_Material for the task:_
::::

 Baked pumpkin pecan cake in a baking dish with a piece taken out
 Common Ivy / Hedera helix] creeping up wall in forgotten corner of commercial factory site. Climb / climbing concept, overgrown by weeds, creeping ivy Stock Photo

::::

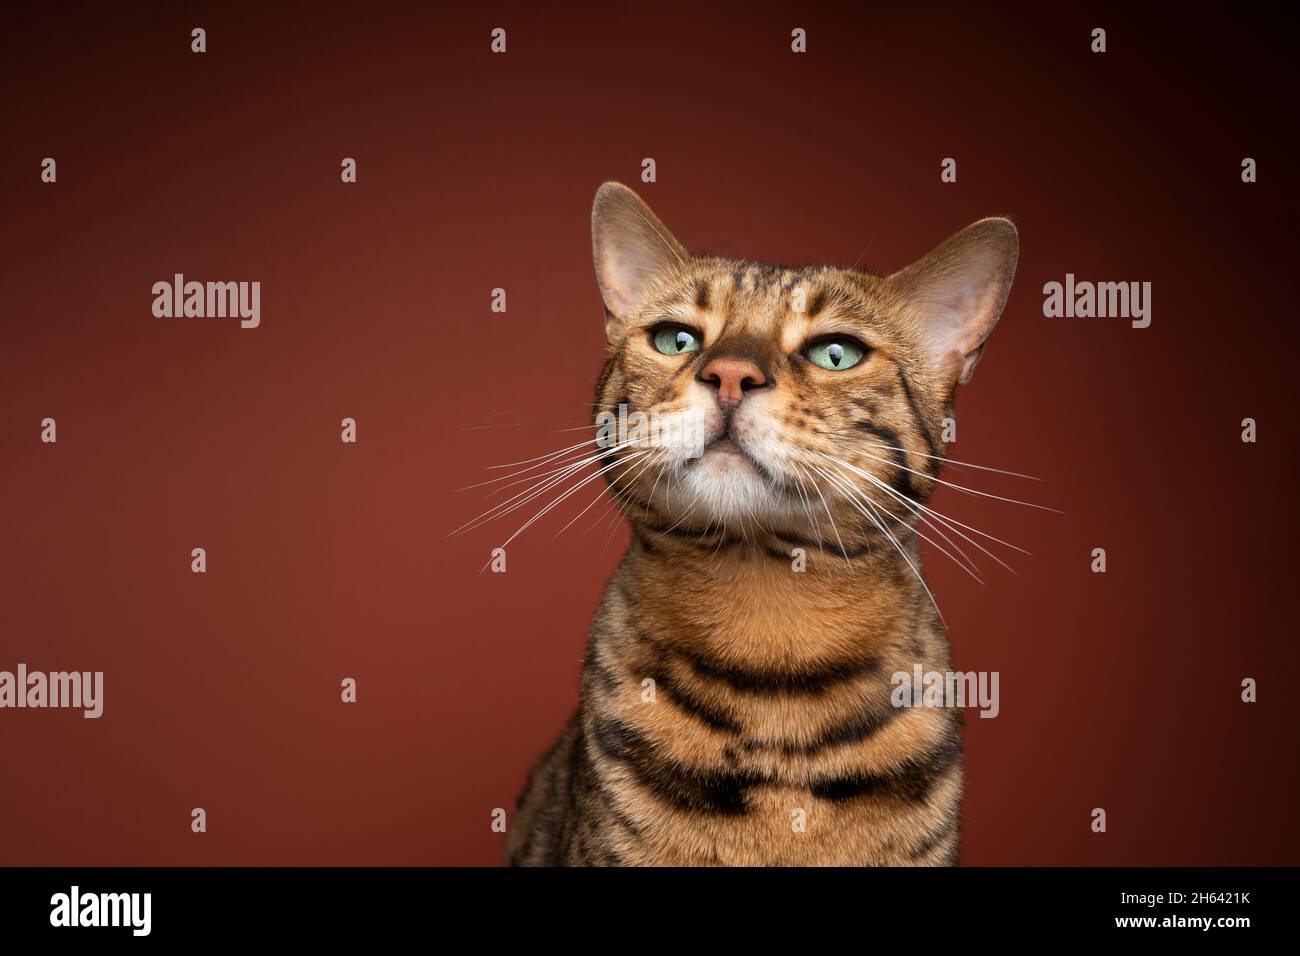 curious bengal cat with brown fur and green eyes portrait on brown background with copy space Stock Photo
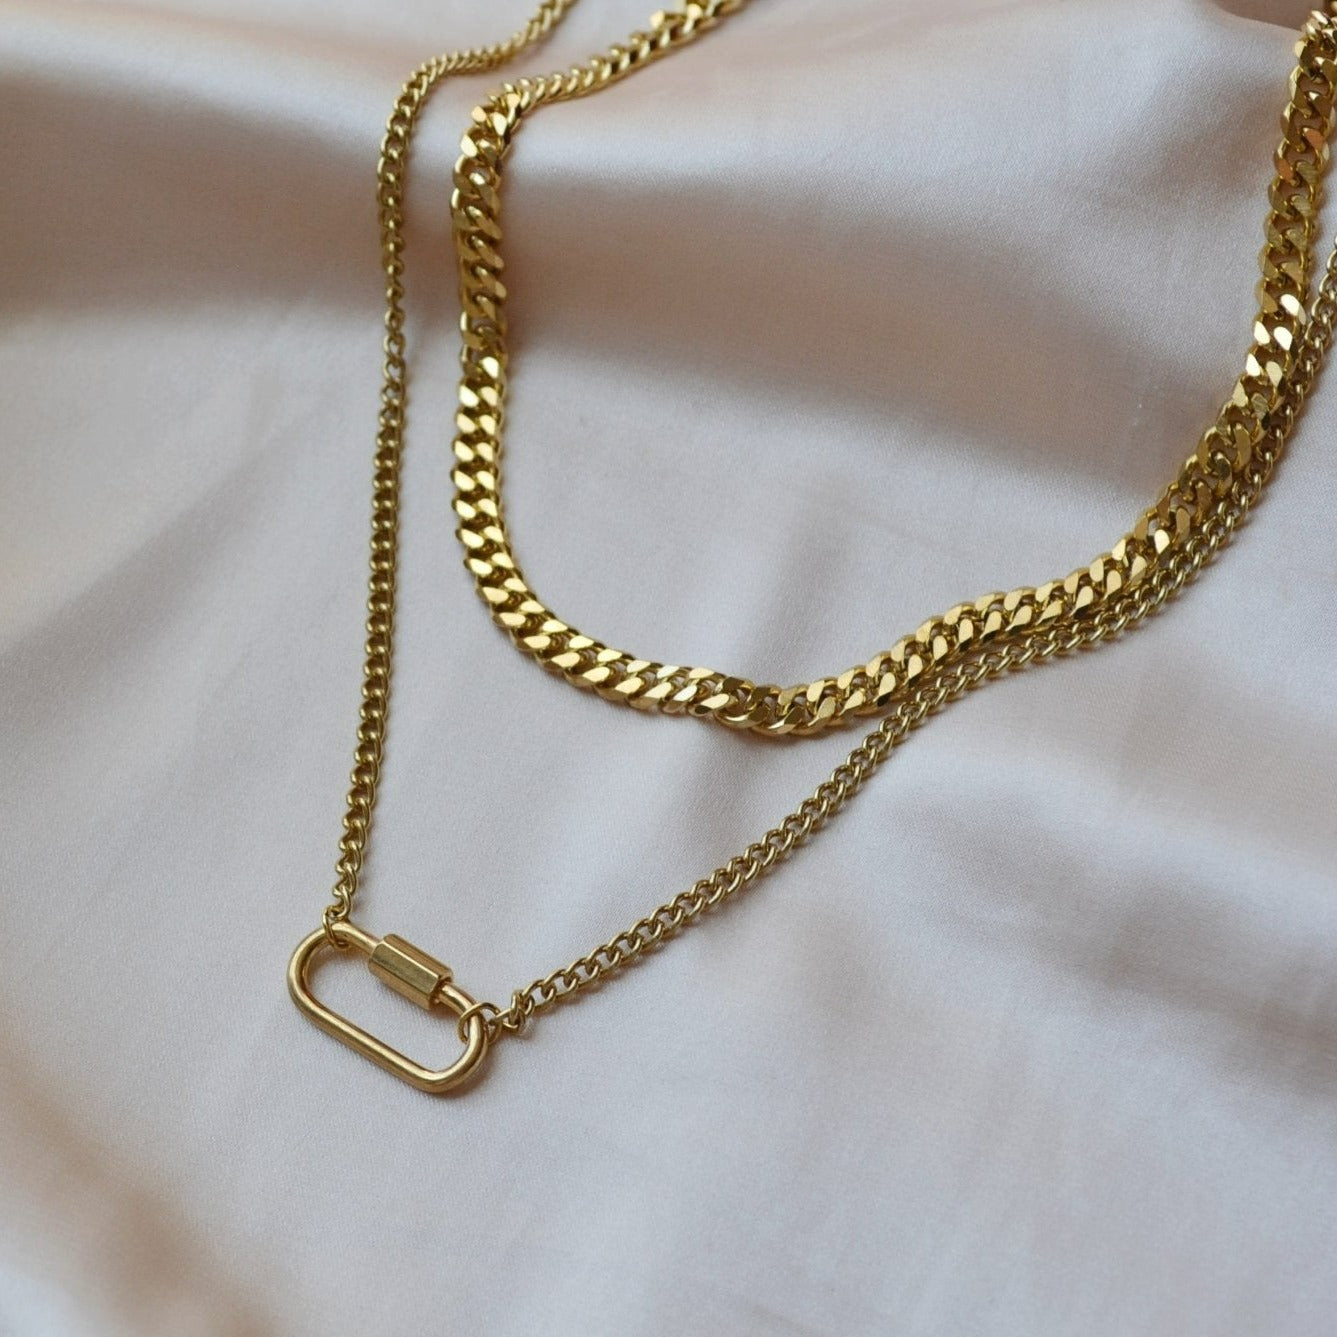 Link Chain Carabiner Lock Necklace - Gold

::::

Please print the lines above word for word, starting at the one with "curious bengal cat" and ending at the one with "Link Chain Carabiner Lock Necklace - Gold", both included, and without any picture.

 curious bengal cat with brown fur and green eyes portrait on brown background with copy space Stock Photo
 Link Chain Carabiner Lock Necklace - Gold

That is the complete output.